5.3 Insurance Requirements
You must maintain:
- Public Liability Insurance: £5,000,000 per incident (if accessing our premises)
- Product Liability Insurance: £2,000,000 per incident (for products you distribute or use)
- Professional Indemnity Insurance: As specified in your Proposal
Provide evidence on request.
5.4 What Happens If You Don't Comply
If you breach these obligations:
- We may suspend work and charge reservation fees
- You reimburse us for costs incurred due to your delays
- We may terminate the contract (see Section 13)
6. Pricing and Payment
6.1 Prices
As specified in your Proposal, excluding VAT unless stated.
6.2 Payment Terms
Standard: Net 30 days from invoice date
Time is of the essence — late payment accrues interest at 4% above Barclays base rate.
6.3 Non-Payment Consequences
If you don't pay on time, we may:
- Suspend services and block access to our premises
- Terminate the contract immediately
- Charge late payment interest
6.4 Disputes
If you dispute an invoice, notify us immediately in writing. We'll work with you in good faith to resolve it, but undisputed amounts remain payable.
7. Confidentiality
7.1 Mutual Obligations (Once Contract is Formed)
During the contract term and for 5 years after, both parties must:
- Keep all Confidential Information strictly confidential
- Use it only for the project
- Disclose only to employees who need to know (under equivalent confidentiality)

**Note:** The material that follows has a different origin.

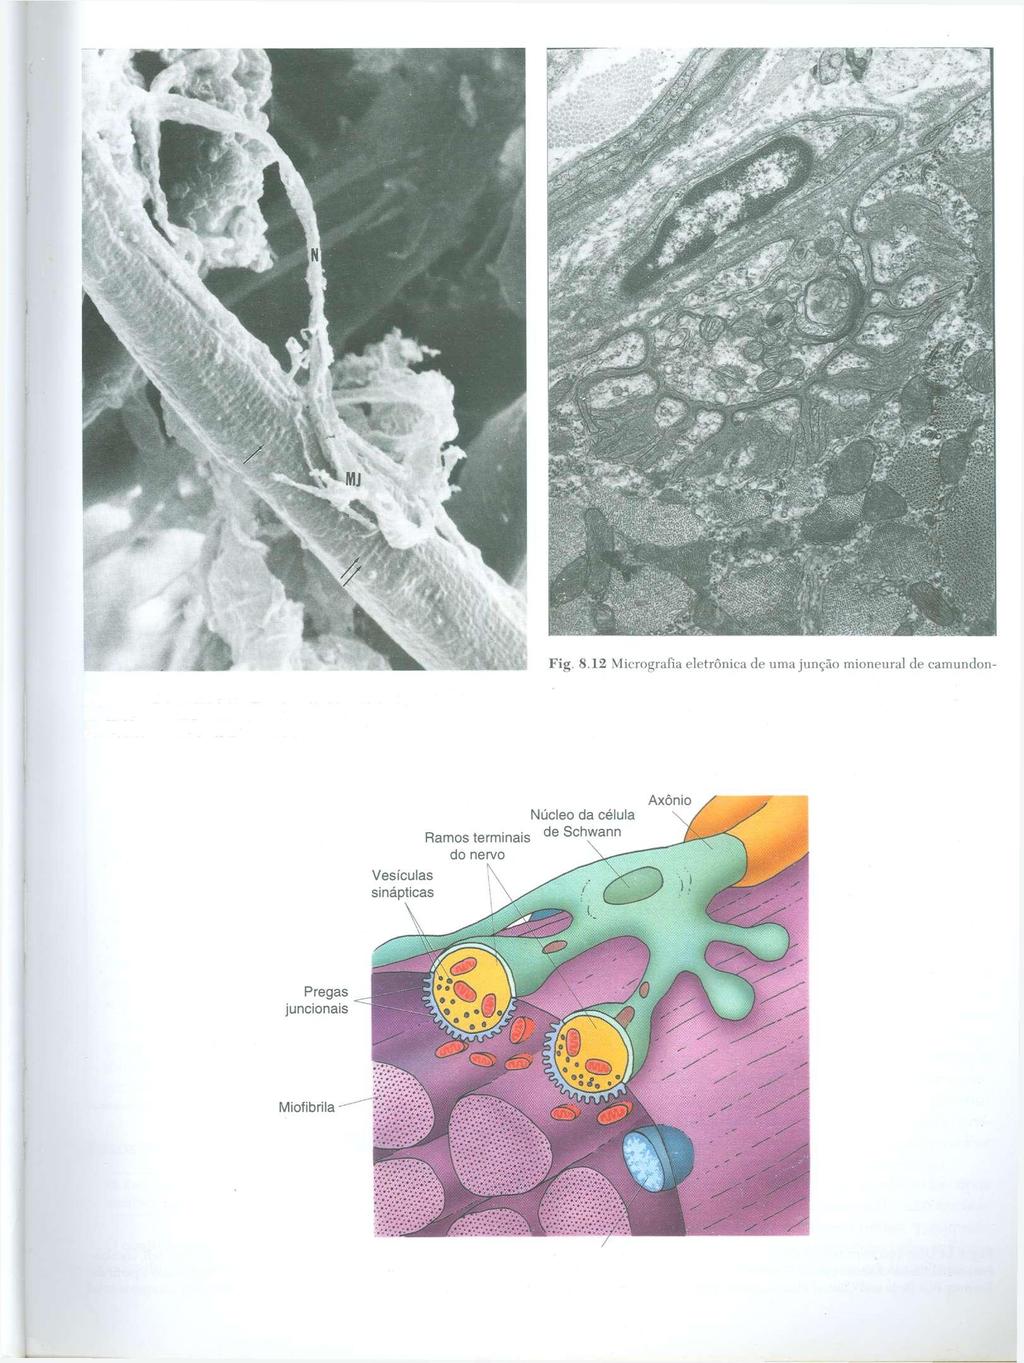 go. (De Feczko D, Klueber KM: Cytoarchitecture of muscle in a genetic Fig. 8.11 Micrografia eletrônica de varredura de uma junção mioneural da model of murine diabetes. Am J Anat 182:224-240, 1988.

- Protect it from unauthorised use or disclosure
7.2 What Is Confidential Information?
Everything disclosed by either party including:
- Technical data, designs, specifications, know-how
- Business plans, pricing, customer lists
- Research data, methodologies, processes
- Our proprietary formulations, AI models, sensor integration methods, and manufacturing processes
7.3 What Is NOT Confidential?
Information that:
- Is publicly available (not due to breach)
- You already knew before we disclosed it
- You develop independently without using our information
- You receive from a third party not under confidentiality obligations
7.4 AnthroTek's Right to Develop Independently
CRITICAL PROVISION:
You acknowledge that we may, before, during, or after your project:
- Provide similar or identical services to other customers
- Develop competing or related technologies independently
- Use our Background IP and Proprietary Technologies freely
Nothing in this contract restricts our general business activities, provided we don't use YOUR specific Confidential Information to do so.
Example: If we develop a synthetic kidney for you, we can also develop synthetic kidneys for your competitors—but we won't share YOUR specific design with them.
8. Intellectual Property and Proprietary Technologies
8.1 Who Owns What?
You Own:
- Your Background IP (what you brought to the project)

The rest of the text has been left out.